Die Frage, die weit über dieses Buch hinausgeht: Müssen sich jetzt andere Verlage um ihre "problematischen" Ausgaben sorgen? Was ist mit Robert Levines "Die große Verführung" oder Doris Langley Moores "Spielregeln für die Frau von Welt" (von 1928)? Nicht auszudenken, wenn die mit jakobinischem Furor ausgestatteten Nichtleserinnen sich in Zukunft noch um literarische Werke "kümmern" würden. Giacomo Casanovas Verführungsberichte etwa. Vielleicht D. H. Lawrence "Lady Chatterley"? Oder die Aufzeichnungen eines Marquis de Sade. Georges Batailles Romane, Vladimir Nabokovs "Lolita" oder "50 Shades of Grey" – alles publikationsunwert, büchregelverbannungsnotwendig?
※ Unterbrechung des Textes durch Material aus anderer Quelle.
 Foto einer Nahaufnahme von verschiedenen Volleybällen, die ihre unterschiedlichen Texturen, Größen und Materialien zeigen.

Letzteres Werk findet sich tatsächlich in der Spitzengruppe derjenigen Bücher, die man beispielsweise aus Bibliotheken oder Schulen versucht hat, zu entfernen, wie man auf der Liste der "banned books" der Dekade 2010-2019 sehen kann. Die Liste macht auch vor Literaturnobelpreisträgern oder Klassikern nicht halt. Irgendwas ist ja immer und irgendwas wird immer bleiben; das Stigma "umstritten" ist fast immer sicher. Den Empörungswilligen steht also ein umfangreiches Potential für erneute Initiativen bereit. Wenn dies zu kompliziert ist, bleibt immer noch die Bibel. Oder der Koran?
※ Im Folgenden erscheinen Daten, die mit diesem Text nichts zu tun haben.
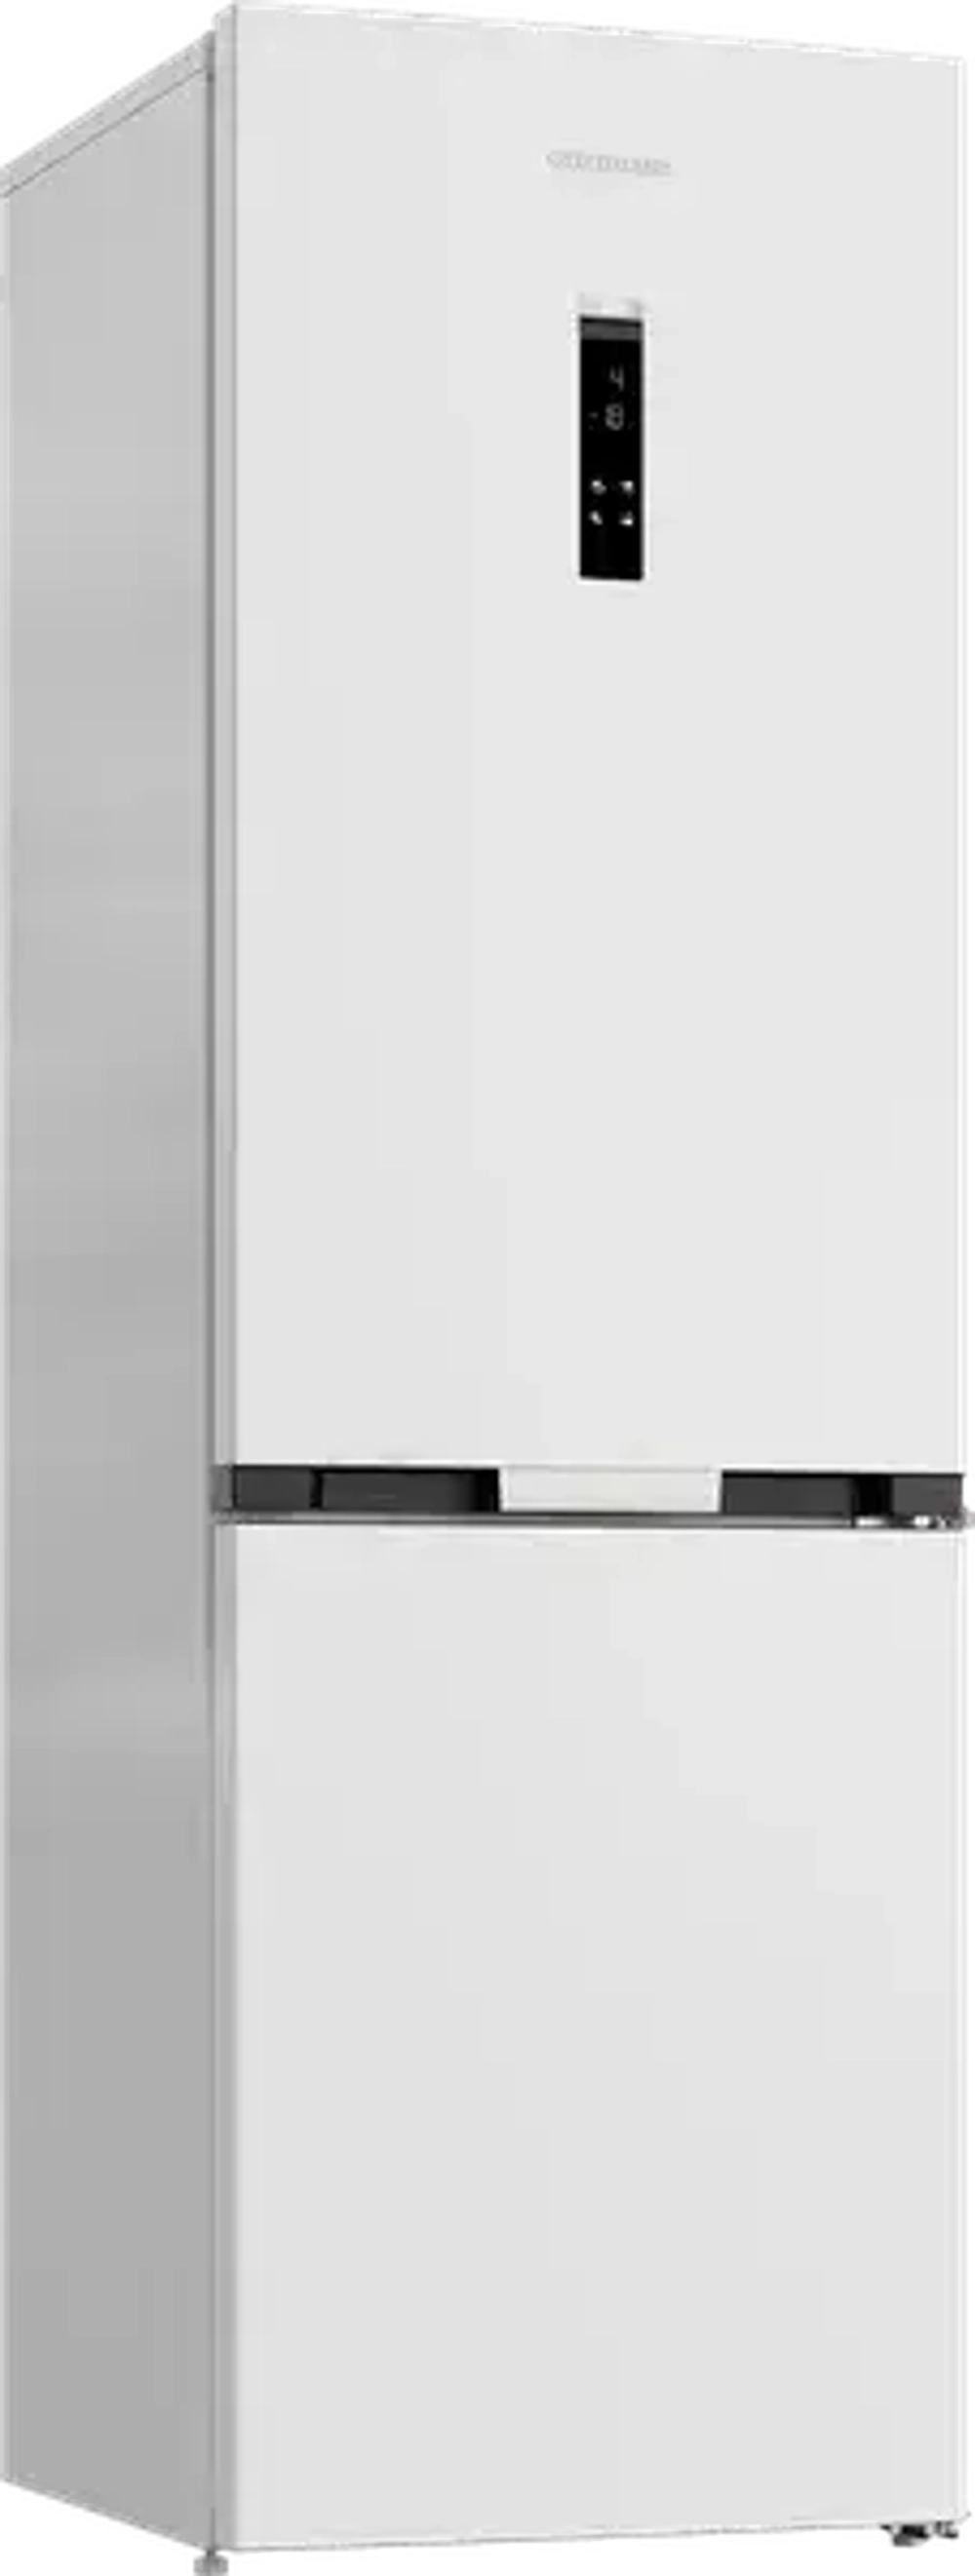 Холодильник с нижней морозильной камерой Grundig GKPN669307FW (DLN)

Die Forderung eines betreuten Lesens, mit dem Leser und Leserinnen die "richtige" Denkweise durch entsprechende Kommentare, pardon: Einordnungen vorgegeben werden sollen, erfreut sich in letzter Zeit immer größerer Beliebtheit. Der Neigung, sperrige oder missliebige Texte durch vorauseilenden Paternalismus dem dummen Rezipienten erklären zu wollen, nimmt zu. Natürlich vor allem, weil dies mit Distinktionsgewinnen für die (Welt-)Erklärer verbunden ist.
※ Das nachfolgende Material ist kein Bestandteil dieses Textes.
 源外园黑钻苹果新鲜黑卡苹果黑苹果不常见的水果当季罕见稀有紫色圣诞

Und vielleicht sollte man den Vorschlag noch um die Forderung nach einem Selbstbezichtigungsnachwort des Autors, der Autorin, erweitern: In Büßergewand und mit einem Schild vor der Brust wird bekannt, gefehlt zu haben. Es gibt sicherlich noch einige Anleitungen hierzu aus den Zeiten der chinesischen Kulturrevolution.

*   *   *

Ich habe das Buch von Greene auch nicht gelesen. Und ja, womöglich ist es tatsächlich nicht besonders schlimm, wenn ein Verführungsratgeber nicht mehr neu aufgelegt wird. Aber diese Entscheidung darf man nicht aufgrund einer diffusen Empfindung von 112 Menschen treffen, die das Buch nicht gelesen haben. Wer vor diesem Befindlichkeitsmob einknickt, wer Angst hat vor Scheißhausstürmen im Internet, verletzt sein verlegerisches Ethos. Und eine Literaturkritik, die devotes Verständnis dafür äußert, ohne sich ausgiebig mit der Materie beschäftigt zu haben, liefert keinen Ausweis von Professionalität.